Source data:
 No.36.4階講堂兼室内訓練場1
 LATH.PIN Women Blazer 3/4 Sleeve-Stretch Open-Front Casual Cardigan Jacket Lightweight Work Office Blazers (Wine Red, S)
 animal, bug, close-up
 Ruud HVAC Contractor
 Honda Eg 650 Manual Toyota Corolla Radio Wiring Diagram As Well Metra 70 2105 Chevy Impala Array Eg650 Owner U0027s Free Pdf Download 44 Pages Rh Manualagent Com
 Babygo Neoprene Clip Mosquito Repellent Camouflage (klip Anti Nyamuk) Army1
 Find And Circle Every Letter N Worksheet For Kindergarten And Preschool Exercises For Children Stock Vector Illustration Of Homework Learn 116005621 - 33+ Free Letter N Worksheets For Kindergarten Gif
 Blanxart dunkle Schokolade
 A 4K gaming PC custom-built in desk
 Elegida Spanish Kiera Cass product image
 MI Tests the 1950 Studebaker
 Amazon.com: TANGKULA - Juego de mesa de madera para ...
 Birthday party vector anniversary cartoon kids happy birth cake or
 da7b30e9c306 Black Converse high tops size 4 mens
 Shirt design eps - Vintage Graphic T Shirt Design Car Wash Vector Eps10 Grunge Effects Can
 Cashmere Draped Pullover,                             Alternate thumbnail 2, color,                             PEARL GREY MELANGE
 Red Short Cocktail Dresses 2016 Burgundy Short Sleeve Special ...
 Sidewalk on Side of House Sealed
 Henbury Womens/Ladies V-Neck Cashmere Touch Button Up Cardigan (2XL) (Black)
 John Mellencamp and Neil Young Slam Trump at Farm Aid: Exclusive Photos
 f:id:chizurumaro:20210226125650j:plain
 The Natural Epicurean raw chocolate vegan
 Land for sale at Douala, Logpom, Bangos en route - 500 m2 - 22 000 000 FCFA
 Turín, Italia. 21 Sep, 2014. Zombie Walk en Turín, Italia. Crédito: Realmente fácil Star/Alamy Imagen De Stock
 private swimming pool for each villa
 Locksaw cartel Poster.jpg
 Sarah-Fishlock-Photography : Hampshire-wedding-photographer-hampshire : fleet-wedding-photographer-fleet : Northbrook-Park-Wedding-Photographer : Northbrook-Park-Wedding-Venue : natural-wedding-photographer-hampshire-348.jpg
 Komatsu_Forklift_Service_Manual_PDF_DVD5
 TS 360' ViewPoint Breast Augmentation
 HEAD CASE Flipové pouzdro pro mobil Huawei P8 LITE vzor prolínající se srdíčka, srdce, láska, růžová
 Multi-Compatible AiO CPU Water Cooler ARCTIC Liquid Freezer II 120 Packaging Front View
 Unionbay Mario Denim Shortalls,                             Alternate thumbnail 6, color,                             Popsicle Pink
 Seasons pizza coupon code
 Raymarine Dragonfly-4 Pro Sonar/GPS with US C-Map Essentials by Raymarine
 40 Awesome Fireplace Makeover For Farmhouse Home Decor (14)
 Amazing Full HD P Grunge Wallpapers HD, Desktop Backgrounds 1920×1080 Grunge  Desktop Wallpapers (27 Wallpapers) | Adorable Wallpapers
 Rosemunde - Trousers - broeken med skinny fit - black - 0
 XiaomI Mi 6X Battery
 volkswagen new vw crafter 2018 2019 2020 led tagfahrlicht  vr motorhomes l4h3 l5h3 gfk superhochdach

Task to complete.
Nothing but a number belongs in the answer: the number of lines above that contain "thumbnail".

Output for this task.
2